Dumbbell Shoulder Press
2 warmup x 12kg
24kg x 4
22kg x 6
For some reason I was knackered, so had trouble with these.

Standing Barbell Curls
2 warmup x 20kg
32.5kg x 8
30kg x 9

Hammer Curls
1 warmup x 5kg
12kg x 4
10kg x 4
6kg x 10


Seated Calf Raises (got no rack for standing)
None


Comments
I was a bit tired, maybe from the deadlifts on monday.

Diet
Not too bad, but not what I wanted

Water
Not as much as I wanted, but acceptable.

ChrisH
09-11-2003, 02:47 PM
11th September 2003

Chest, triceps, legs

Bench
30kg x 2 x 10 warmup
85kg x 5
75kg x 8

New PR's.

Comments
Yes, thats all I did today. I was at rugby training today, playing touch rugby (non-contact) for a bit, I sidestepped a guy and he accidentally slammed the heel of his palm into my nose :/ Lots and lots of blood. Felt kinda dizzy, so skipped thai boxing and went to the gym for a quick session. Beat the PR's, left. :D

How do I know if ive broken my nose?

ChrisH
09-14-2003, 01:56 PM
My back screwed up again at american football. Gonna go see a doc tomorrow.

ChrisH
09-15-2003, 03:45 PM
Monday 15th September 2003

Chest, triceps, and legs

Bench Press
2 warmup sets - 30kg
85kg (187) x 5
75kg (165) x 8


Weighted Dips
12kg x 9
12kg x 8

Skulls
2 warmups (20kg)
40kg x 2-3 (too heavy)
32.5kg x 8

Squats
1 light set (50kg)

Hack squats
2 warmup (50kg)
70kg x 8

Leg Extensions
1 warmup (55kg)
115kg x 10

Leg Curl
1 warmup (15kg)
35kg x 10

Ab machine
warmup - 15,20x15
40 x 10
35 x 8
These hurt my back a little, so I didnt go high.

ChrisH
09-17-2003, 04:00 AM
Tuesday 16th September 2003

Back, shoulders, and biceps

Chins (palms forward, wide grip)
body x 2 sets x 10,9

One arm DB rows
20kg x 10 x 2
30kg x 10
Did these because my lower back needs rest.
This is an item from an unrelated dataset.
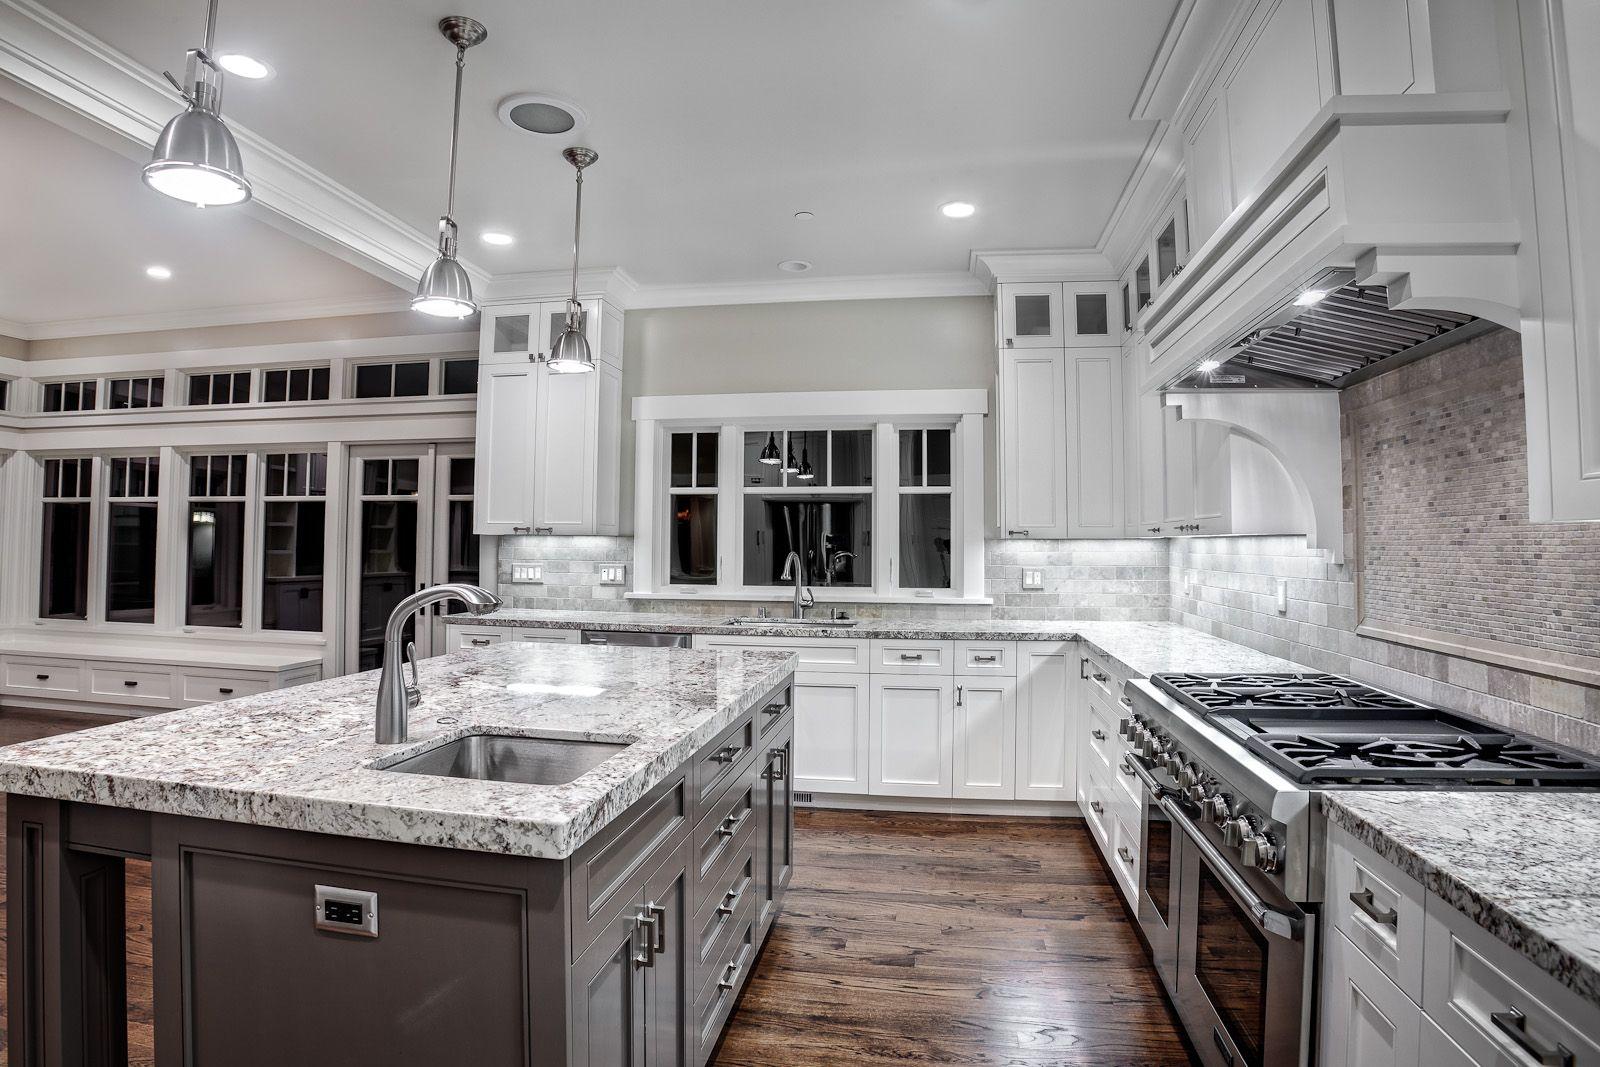 Furniture Semi Custom Kitchen Cabinets Give Attractive Custom Look At A Cheap Price Co White Granite Countertops Kitchen Cabinet Design Grey Kitchen Cabinets

Pulley Pulldowns to the Front (v-bar grip)
7 x 100kg
Wasnt v pleased with these :/

Dumbbell Shoulder Press
2 warmup x 12kg
24kg x 4
22kg x 6
Getting easier, will stick to this weight for one more workout.

Standing Barbell Curls
2 warmup x 20kg
27.5kg x 8
27.5kg x 8

Hammer Curls
1 warmup x 5kg
14kg x 3
12kg x 3
7kg x 10


Seated Calf Raises (got no rack for standing)
None


Comments
ok workout, gotta give my lower back rest.

Diet
OK

Water
Not enough

ChrisH
09-23-2003, 04:41 PM
Monday 22nd September 2003

Chest, triceps, and legs

Bench Press
2 warmup sets - 30kg
85kg (187) x 5
75kg (165) x 8


Weighted Dips
10kg x 10
10kg x 8

Skulls
2 warmups (20kg)
37.5kg x 5 (too heavy)
32.5kg x 8

Squats
2 light sets (50kg)

Leg Extensions
1 warmup (55kg)
105kg x 10

Leg Curl
1 warmup (15kg)
35kg x 10

ChrisH
09-23-2003, 04:44 PM
Monday 22nd September 2003

Back, shoulders, and biceps

Chins (palms forward, wide grip)
body x 2 sets x 10,8

BB Rows
2 x 10 x ~35
V light cos i dont want to hurt my lower back.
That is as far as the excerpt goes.